29. Kepulangan

115 30 75
                                    

Farhan baru saja memarkirkan motornya di depan rumah Yusuf.

"Hati-hati, Nak Rum!" teriak Zulaiha terdengar nyaring ke luar rumah.

Arumi hendak membuka pintu utama karena ada beberapa keperluan yang harus dibeli. "Iya, Bu!" sahut Arumi yang kemudian keluar dari rumahnya.

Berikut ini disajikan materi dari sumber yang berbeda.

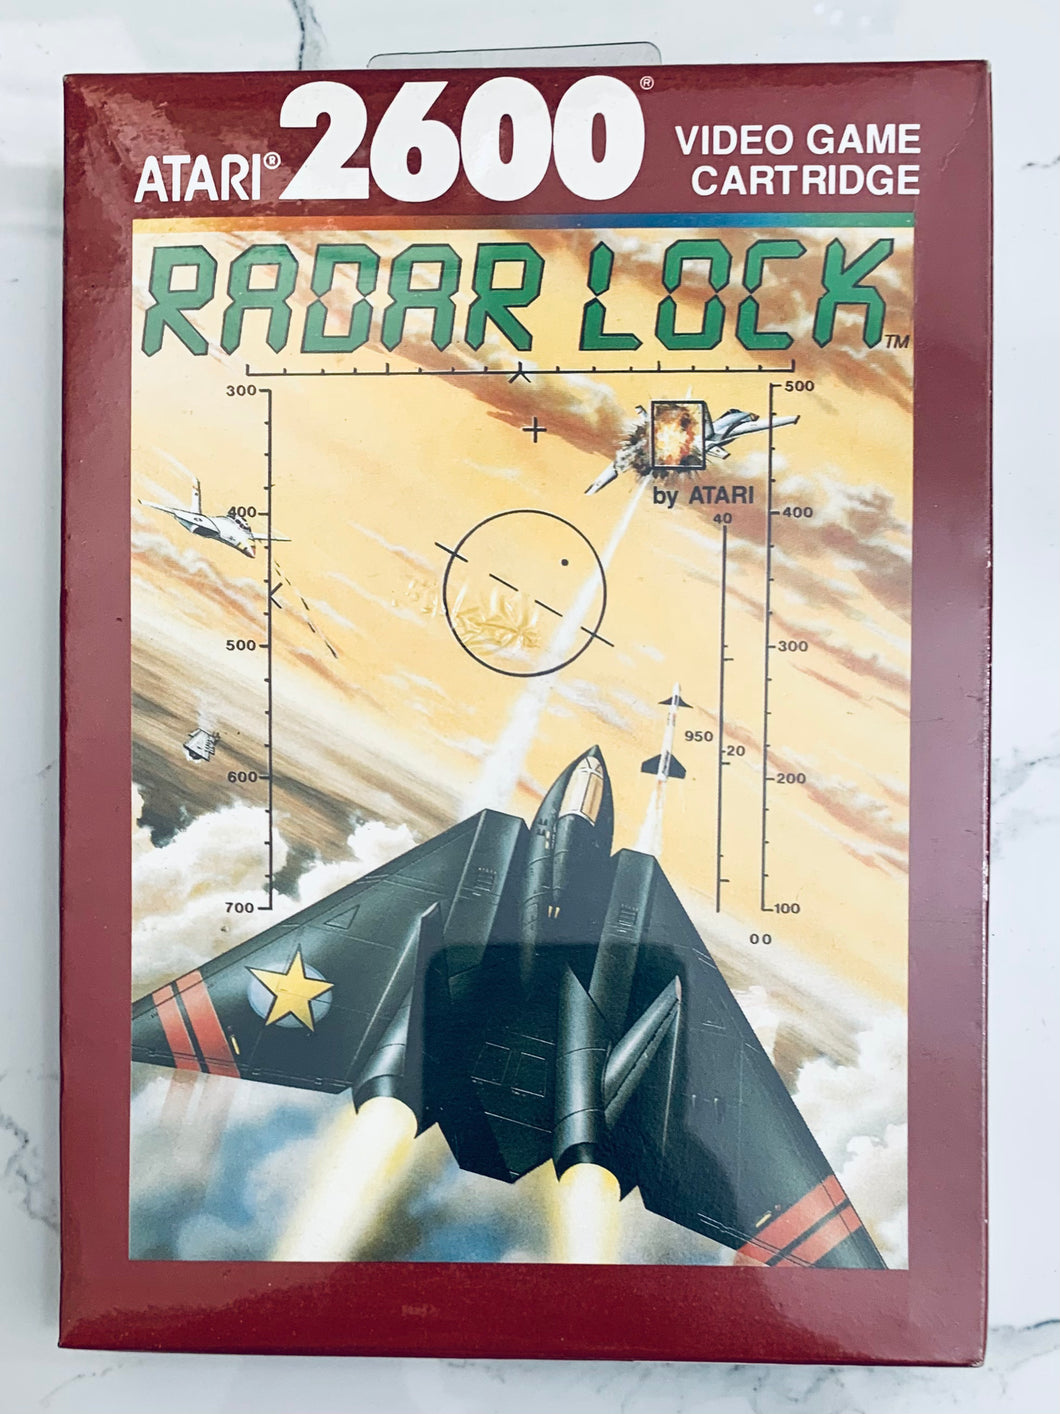 Radar Lock - Atari VCS 2600 - NTSC - Brand New

Tunggu, Arumi berhenti tatkala melihat motor yang terparkir di depan rumah. Sudah tahu motor siapa, Arumi langsung mengedarkan pandangan mencari pemiliknya. Arumi mengedikkan bahu acuh.

Duarrr!

Dari balik pohon pendek itu Farhan menyergah gadis yang tampak biasa-biasa saja.

"Ih, kok gak kaget?"

"Ngumpetnya yang pinter dong. Orang kaki kamu kelihatan. Dah, aku buru-buru. Kamu masuk aja ke dalam ngobrol sama bapak," pungkas Arumi.

"Kamu mau kemana emang?"

"Ke hatimu." Arumi kembali berkata, "Ke pasar. Kemarin belanjaan ada yang kurang buat dibawa ke desa nanti."

Farhan mengintil sampai berdiri di samping Arumi menunggu angkot lewat. Mata Arumi melirik sinis pemuda di sebelahnya.

"Loh, kok malah ke sini?"

"Kar-"

"Ayok kosong, Neng," ajak sopir angkot menghentikan mobilnya.

Arumi segera menyusup ke dalam yang belum ada penumpangnya, Farhan juga ikut-ikutan masuk tanpa mengingat ada sesuatu yang ia lupakan. Farhan mengamati Arumi yang asyik senyum-senyum sendiri, mengabaikan kehadirannya.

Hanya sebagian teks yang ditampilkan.